XL agrees to sell life reinsurance business for $570m
XL Insurance (Bermuda) Ltd has agreed to sell its life reinsurance operation to GreyCastle Holdings Ltd for $570 million.
GreyCastle Holdings is described as “a newly-formed Bermuda company whose shareholders include large family offices and university endowments that are long-term investors”.
XL announced the run-off of its life reinsurance business in 2009.
At the completion of the sale of XL Life Reinsurance (SAC) Ltd (XLLR), XLLR will reinsure the majority of XL’s life reinsurance business via 100 percent quota share reinsurance. This transaction covers a substantial portion of XL’s life reinsurance reserves.
XL Group CEO Mike McGavick said: “While complex, as driven by the nature of our life reinsurance businesses and our objective of maximising value for XL shareholders, the real benefit of this transaction is clear and simple: XL has now dealt with the vast majority of its life reinsurance business, and has thereby taken another strong step forward in its drive to deliver top-quintile return on equity and book value growth from its core property and casualty operations.”
At March 31, 2014, XL had total US GAAP policy benefit reserves relating to its life operations of approximately $4.8 billion. Upon completion of the transaction, XL will retain approximately $438 million of reserves related to disability, accident and health policies and US term assurance in its Life operations segment and will record a reinsurance recoverable from XLLR of $4.4 billion.
XL estimates that the March 31, 2014 pro forma effect of the transaction would be an overall reduction in book value of approximately $585 million and an estimated after-tax net loss of approximately $580 million.

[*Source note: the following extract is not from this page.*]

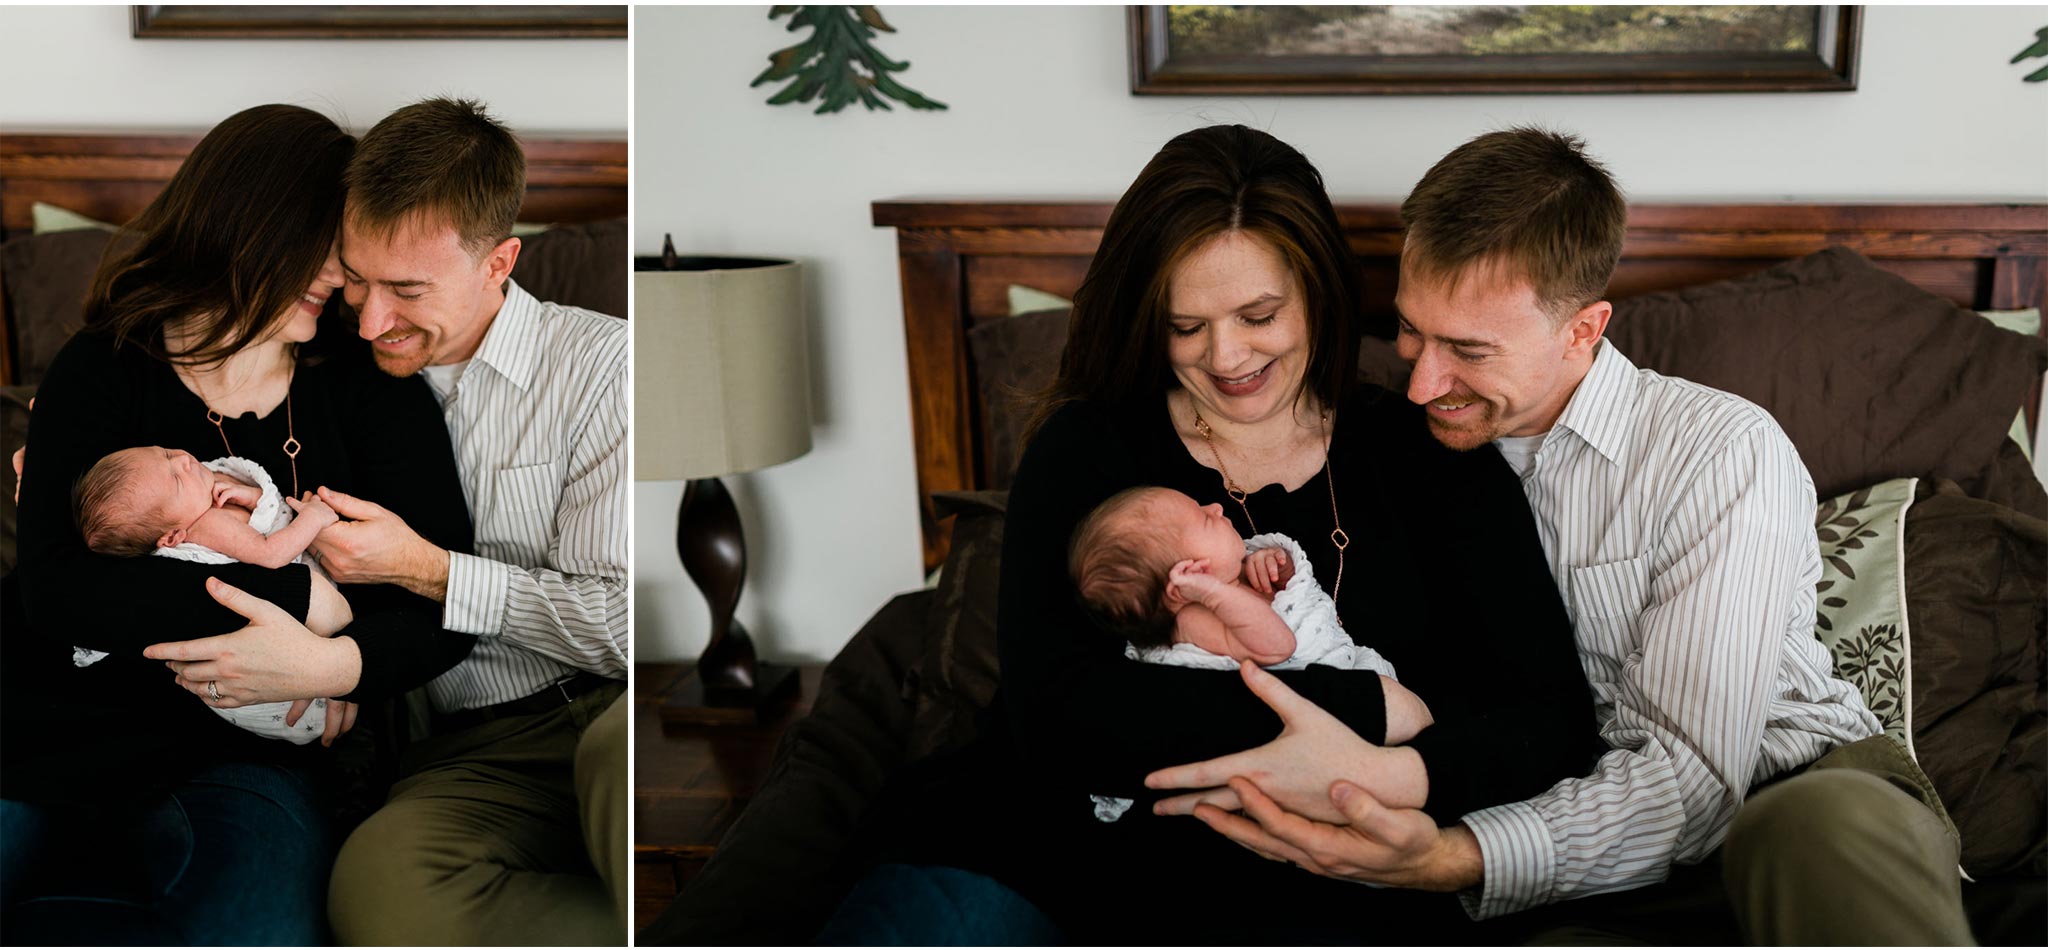 Candid lifestyle newborn session at home | Raleigh Newborn Photographer | By G. Lin Photography

“This estimate is subject to changes in the mark-to-market value of the underlying investment portfolio and other adjustments from March 31, 2014 through completion of the transaction,” XL added.
Rating agency AM Best said last night that the financial strength rating of A (excellent) of the property and casualty subsidiaries of XL would remain unchanged.
“AM Best notes, the impact of Best’s Capital Adequacy Ratio (BCAR) is considerably lower than the actual book value loss and has little consequence in the claims-paying ability of the company,” Best stated last night.
XL chief financial officer Peter Porrino said: “This transaction meaningfully reduces the risk profile of the company, which gives us additional flexibility to pursue capital management initiatives, including an expectation of buying back an additional $300 million of shares in 2014 over amounts previously contemplated.”
The transaction is expected to be completed in the second quarter of 2014 and is subject to satisfaction of regulatory conditions.